Life is hectic. Meals are eaten on the run, and athletic performance starts to suffer. Soon, playing sports or going to the gym seems like work.
If you’re wondering how to eat better but don’t know where to begin, here’s what you need to know.
Nutritionists say “Eat this, don’t eat that”
Blah blah blah. You’ve heard it all before – avoid “white foods” like fats, sugar, bread, eggs, and salt. Nutritionists – and Michael Bloomberg, the mayor of New York City – say to avoid sodas, sugared and sugar-free, like the plague.
“Expert advice” seems confusing. They waffle on some foods, like how much red meat to consume, or if it’s okay to occasionally eat french fries.
I’ve organized the information out there to make eating better simple and easy.
Three nutrient-packed foods each meal
If you grab an energy bar or bagel at breakfast – and that’s all – I’m not here to lecture. That’s OK. Just add a cup of low-fat milk plus a tablespoon of natural peanut butter and – presto! – the meal is balanced.
Some women assume that men eat only burgers at lunch or dinner. If your palate is already trained to eat green foods at lunch – say a salad or green smoothie – add grilled chicken and whole grains, like freshly baked bread.
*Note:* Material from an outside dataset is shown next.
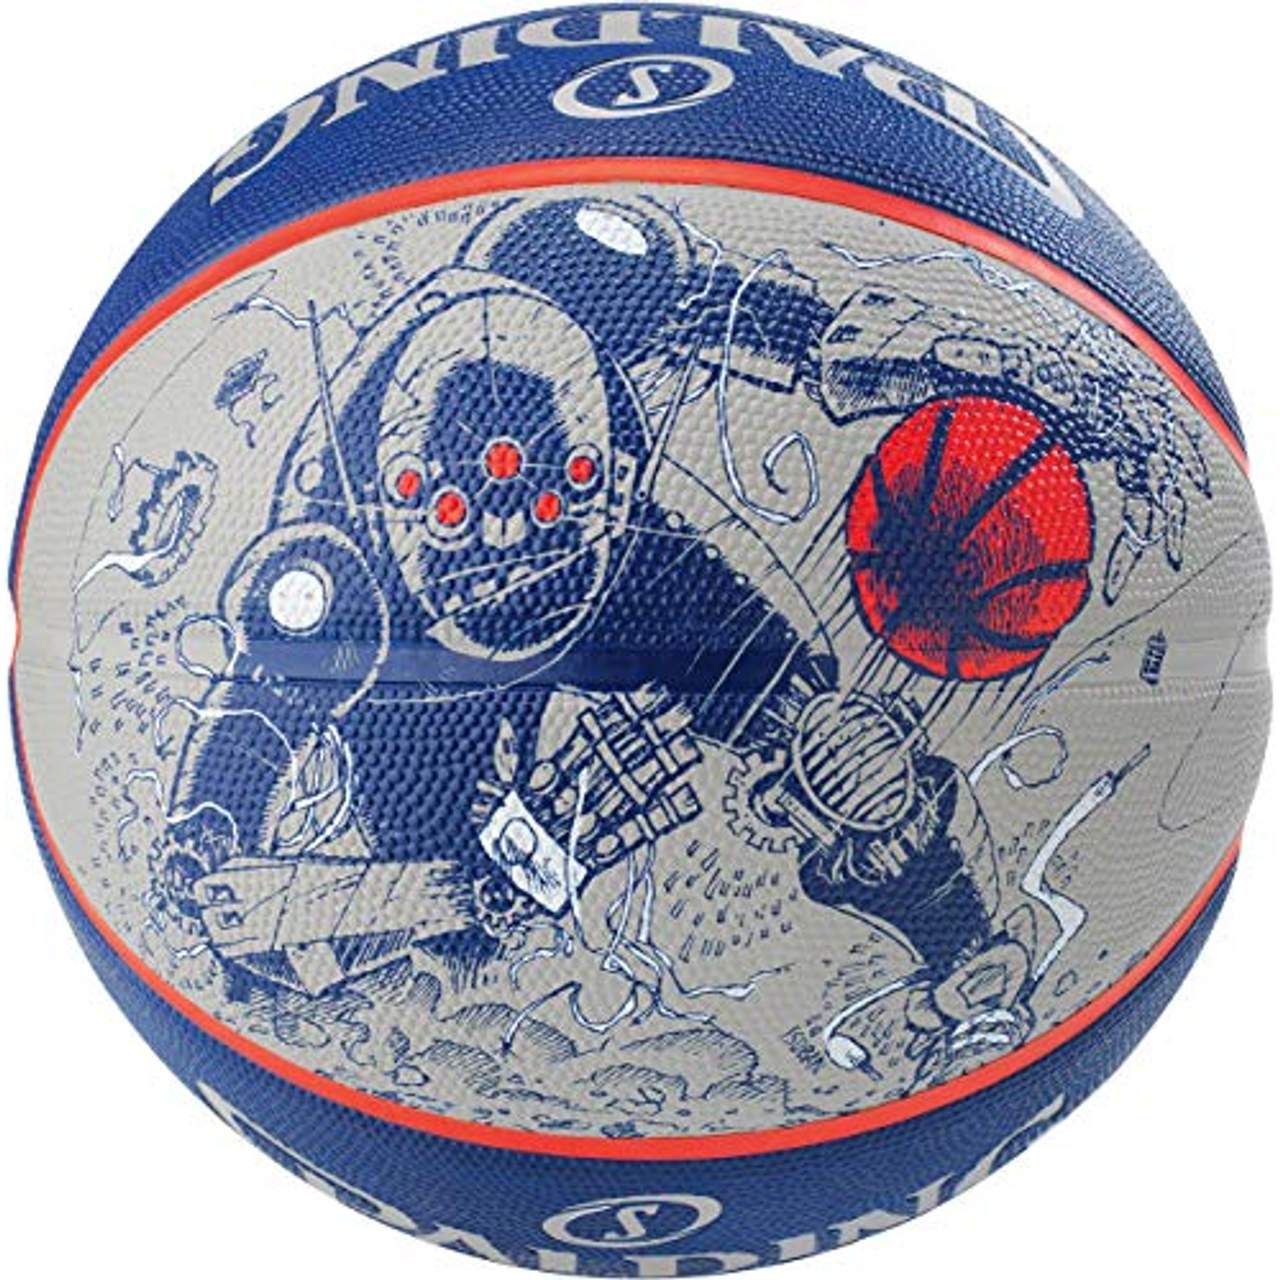 NBA Sketch Robot Spalding Basketball Ball

At dinner, enjoy healthy carbohydrates like pasta for energy. Top it with ground turkey meatballs and homemade tomato sauce for a healthy alternative to fatty ground beef, pork, or creamed pasta sauces.
The simple formula
Here’s how to make the right choices: every meal should be about two-thirds complex carbs – grains, veggies, and fruits – with low-fat proteins like lean meats, dairy, and beans comprising the rest.
Simple doesn’t equal boring
So many athletes I know each the same foods over and over. They believe that simplifying the diet to ten or twelve foods keeps it simple and, besides, spending any amount of time at grocers is a chore.
Nutritionists say this is a big problem for many men because it can lead to deficiencies and fatigue. Most recommend mixing it up to at least thirty to forty different foods a week. (You can get that amount of variety of stocking up on different fruits and vegetables in season or buying an assortment of frozen whole foods during the winter.)
I keep track with a fridge magnet chart. My girlfriends also encourage me to try new things. For example, spaghetti squash – a squash that turns into tiny strands that look a little like rice noodles when steamed – is a new fave.
Remember, though, don’t add thirty new foods this week if you’re not used to them. Add slowly.
Vitamins: pro and con
Here’s the short version of the nutritional debate: a high quality multivitamin is inexpensive and won’t subject you to an overdose.
But eating properly in the first place – choosing foods close to the earth every time – can make taking any supplements unnecessary.
If you’re not eating the recommended number of fresh foods, whole grains, and lean proteins, take a vitamin. (I prefer sugar-free gummy vitamins.)
Get on schedule
Take meals at regular times and don’t skip them. And eating slightly more at each meal is a good strategy: if you’re active, ask your doctor how many calories to consume each day. Consider two lunch periods to overcome cravings for sugary, salty foods after 3:00 pm. Avoid eating junk food snacks between meals. (Yes, your mother told you this, and she was right.)
Now you’re eating right
Don’t worry. Foodly sainthood isn’t required. You can still eat pizza, drink beer, or enjoy a soda sometimes.